» **DATA FOR THE TASK**:
========

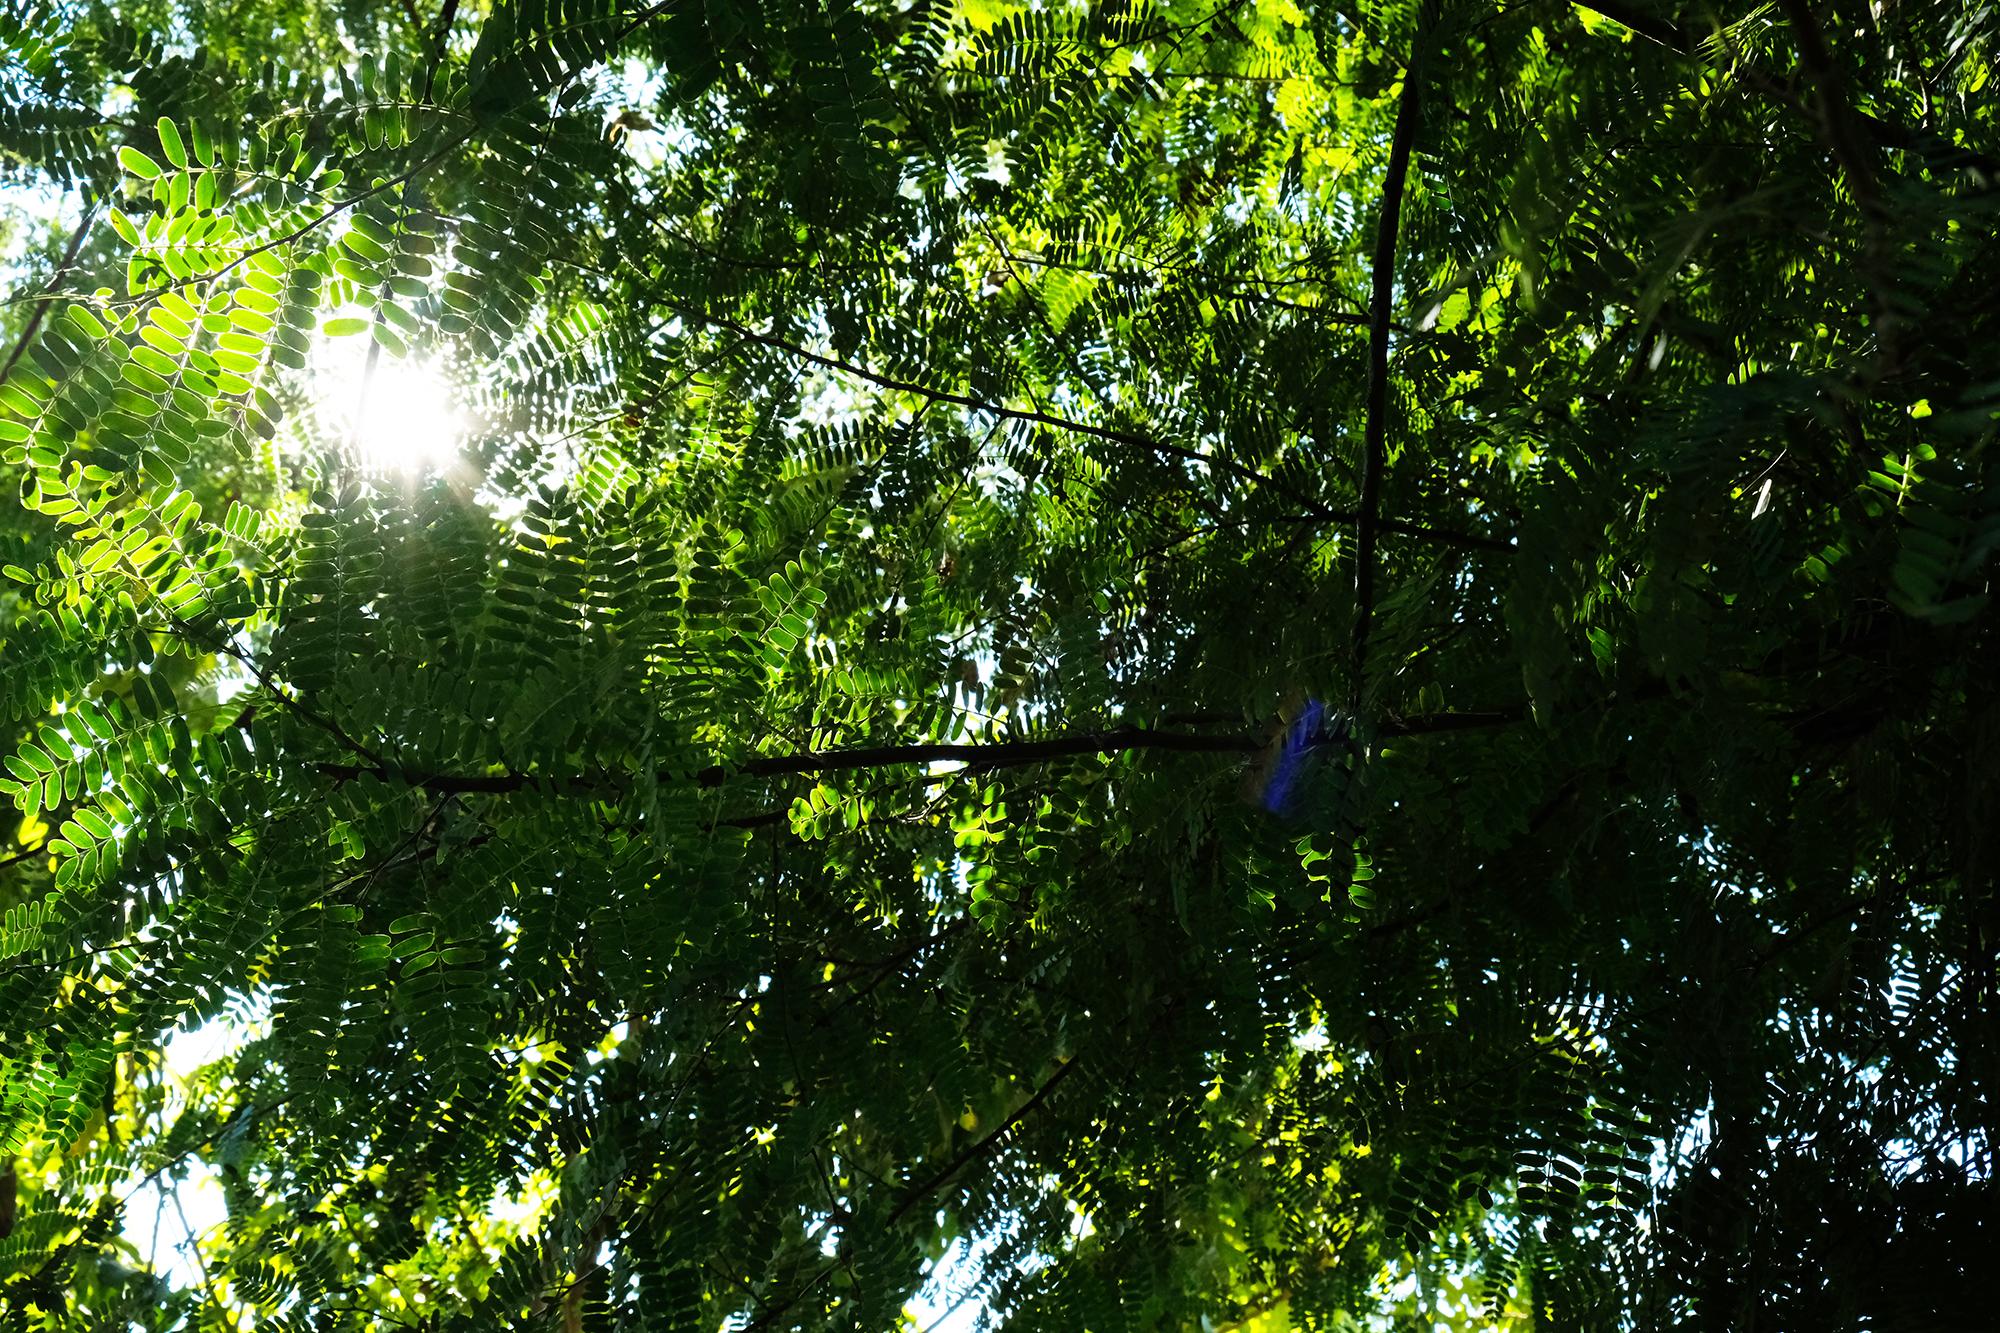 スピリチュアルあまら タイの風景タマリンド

========

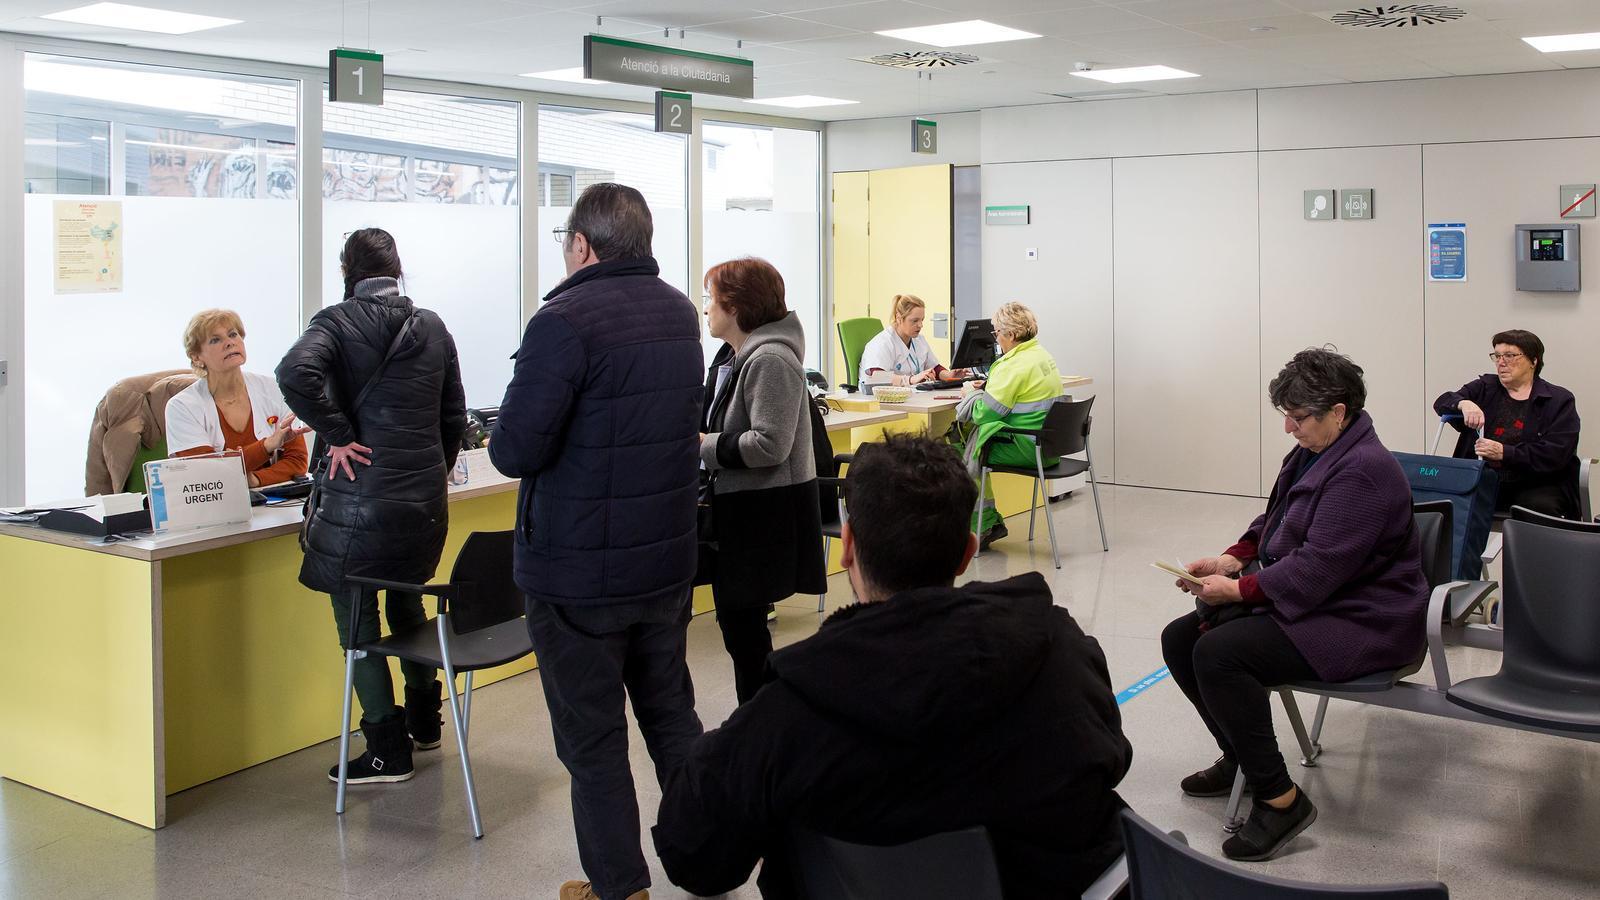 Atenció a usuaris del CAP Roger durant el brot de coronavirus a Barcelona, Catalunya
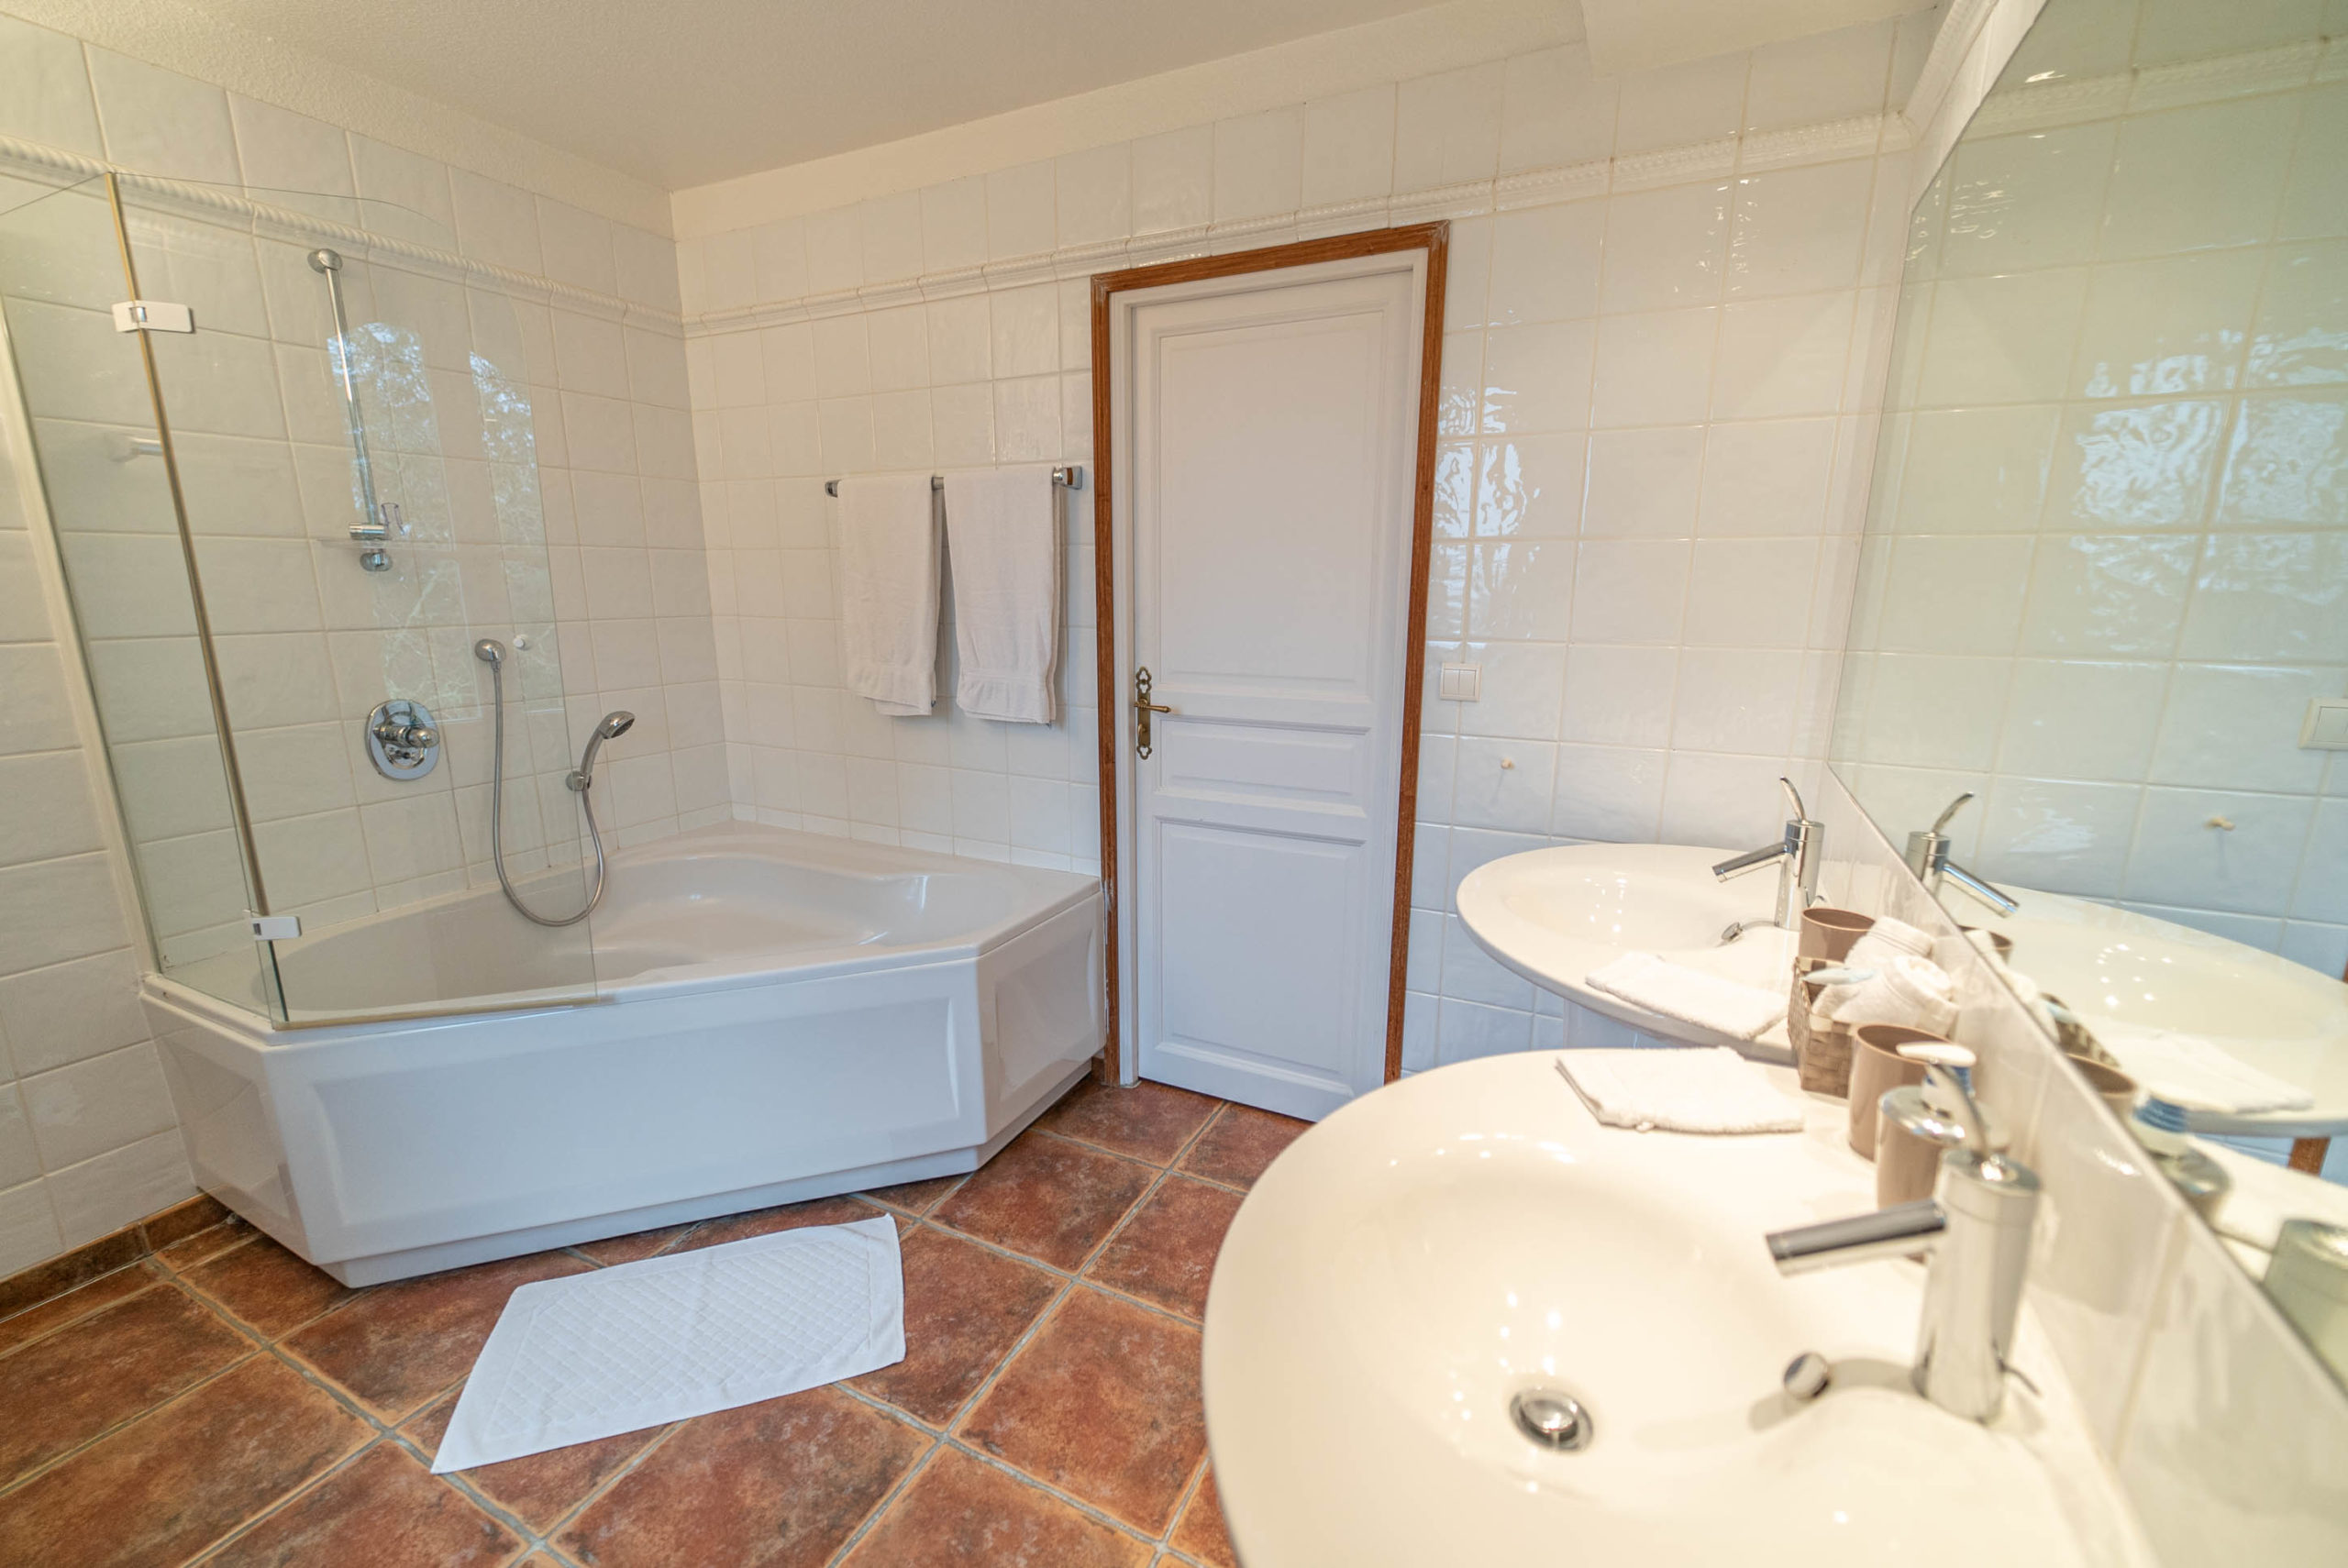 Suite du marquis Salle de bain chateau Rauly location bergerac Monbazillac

========

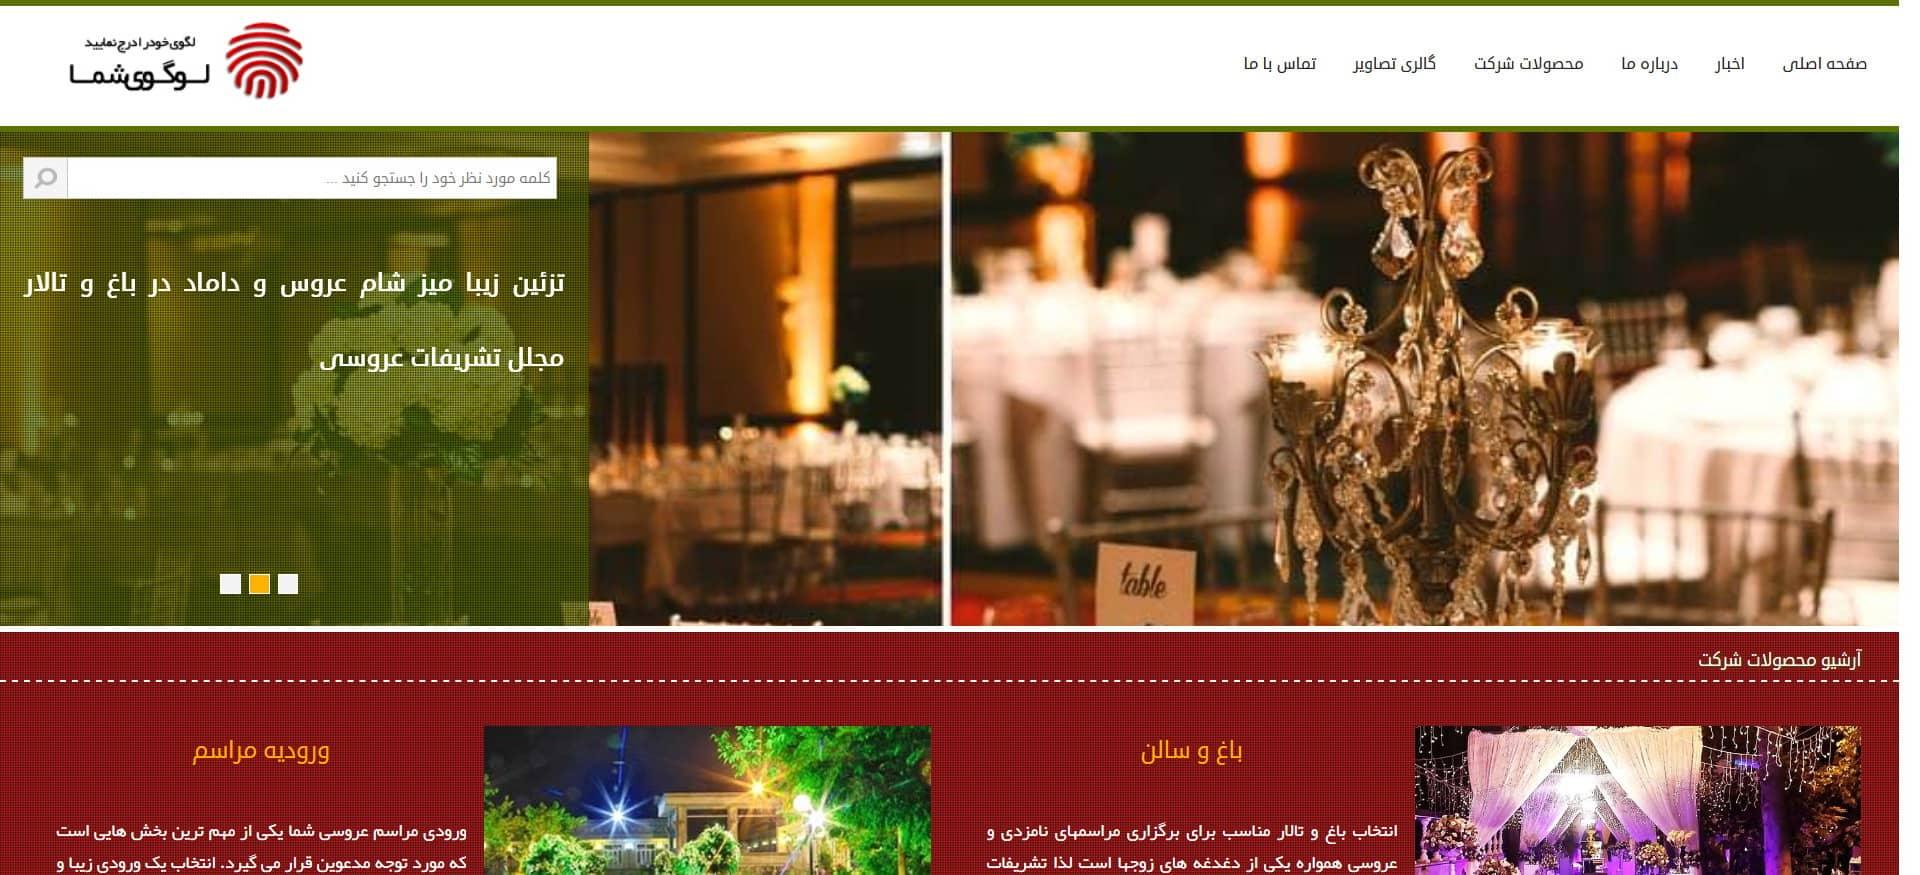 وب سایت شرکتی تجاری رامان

========

» **WHAT THIS TASK INVOLVES**:
In the material above, the stretch from the line with "Atenció a usuaris" through the line with "Suite du marquis" is to be given again exactly, minus the pictures.

» **ANSWER BELOW**:
 Atenció a usuaris del CAP Roger durant el brot de coronavirus a Barcelona, Catalunya
 Suite du marquis Salle de bain chateau Rauly location bergerac Monbazillac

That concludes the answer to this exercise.